# Shooting Full Body White Backgrounds



## jepabst (Oct 28, 2014)

So here's the rub; I'm shooting some 'on site' full body, full white-out backgrounds. I'm researching and testing some lighting setups; and wanted to know if anyone had any tips or tricks for this sort of thing. I have done plenty of corporate headshots before, but not full body white-bg. 

At my disposal are plenty of light stands and umbrellas/softboxes. I have 3 Canon 600 speedlites. I also have two continuous CFLs if necessary. 

I'd like to do as little post-processing as possible, so I plan to place subjects 6-10 feet away from wall, and really blow it out. We have quite a lot of space to work with. 

Cheers to all. I'm assuming we'll be doing this kind of look


----------



## triggermike (Oct 28, 2014)

There's a ton of advice to peruse on the web! Here's just one which is decent . . .

https://www.photoflex.com/pls/the-pure-white-background-done-right


----------



## c.d.embrey (Oct 28, 2014)

Here's how pro photographer *Jerry Avenaim* does it http://blog.avenaim.com/2009/12/10/photography-lighting-white/ I've never seen a better explanation.

Never heard of Jerry Avenaim? Here's his biography http://en.wikipedia.org/wiki/Jerry_Avenaim


----------



## jepabst (Oct 28, 2014)

triggermike said:


> There's a ton of advice to peruse on the web! Here's just one which is decent . . .
> 
> https://www.photoflex.com/pls/the-pure-white-background-done-right



Thank you for the reference material! That is a really great post! I could probably do that, but without the hair light with my available equipment. I have 3 speedlites. I could get additional gear, but I'd prefer not to. There's no good graphic on that page that shows a comparison w/ and w/out the hair light.


----------



## jepabst (Oct 28, 2014)

c.d.embrey said:


> Here's how pro photographer *Jerry Avenaim* does it http://blog.avenaim.com/2009/12/10/photography-lighting-white/ I've never seen a better explanation.

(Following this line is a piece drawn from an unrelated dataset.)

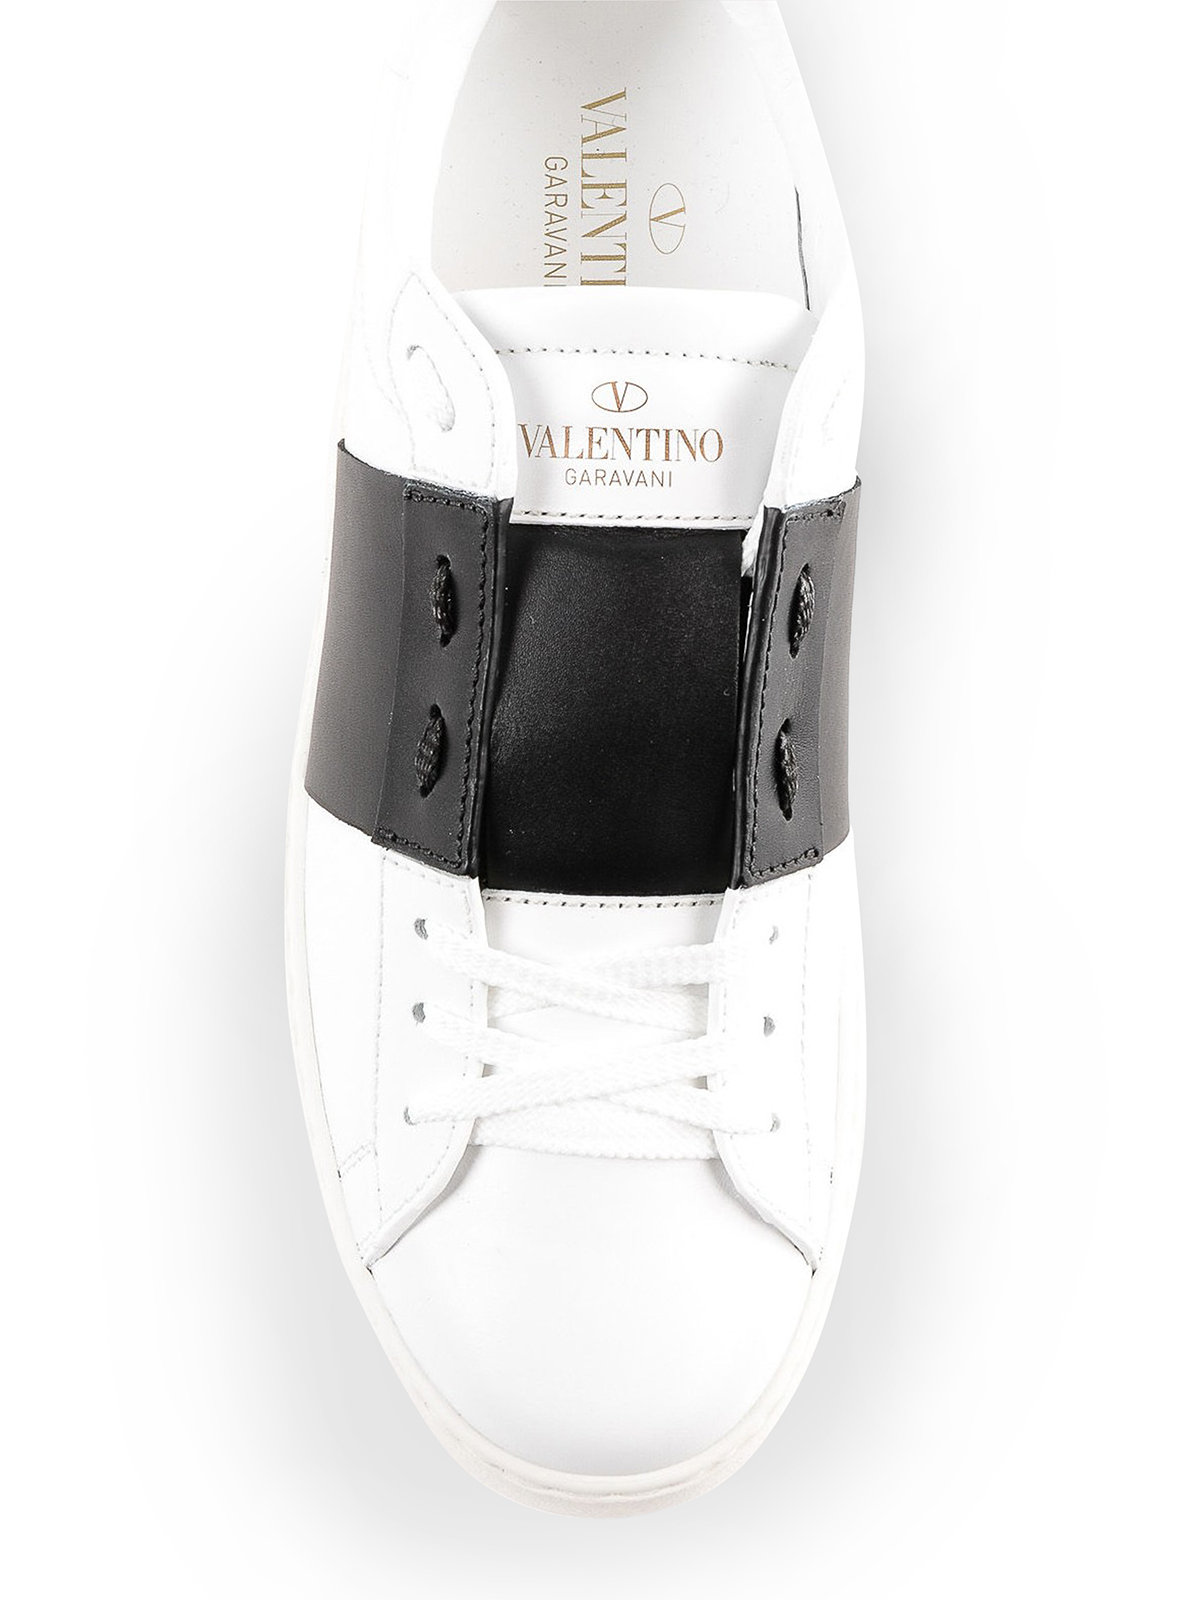 Valentino Garavani - Sneaker Open bianche con banda nera - sneakers -  PW0S0781BLUA01

That is also a great read, though I do not use, or own a light meter  Even so, I know what the technical idea is and it is helpful.


----------



## jepabst (Nov 6, 2014)

I'll post more about this VERY SOON. Here are some of the shots I took yesterday!
No photoshop here; just some Lightroom cropping and sliders. 
And a selfie of me with another camera toward the bottom right.


----------



## Skirball (Nov 6, 2014)

Well done, those are really good results for 3 speedlights and no Photoshop.


----------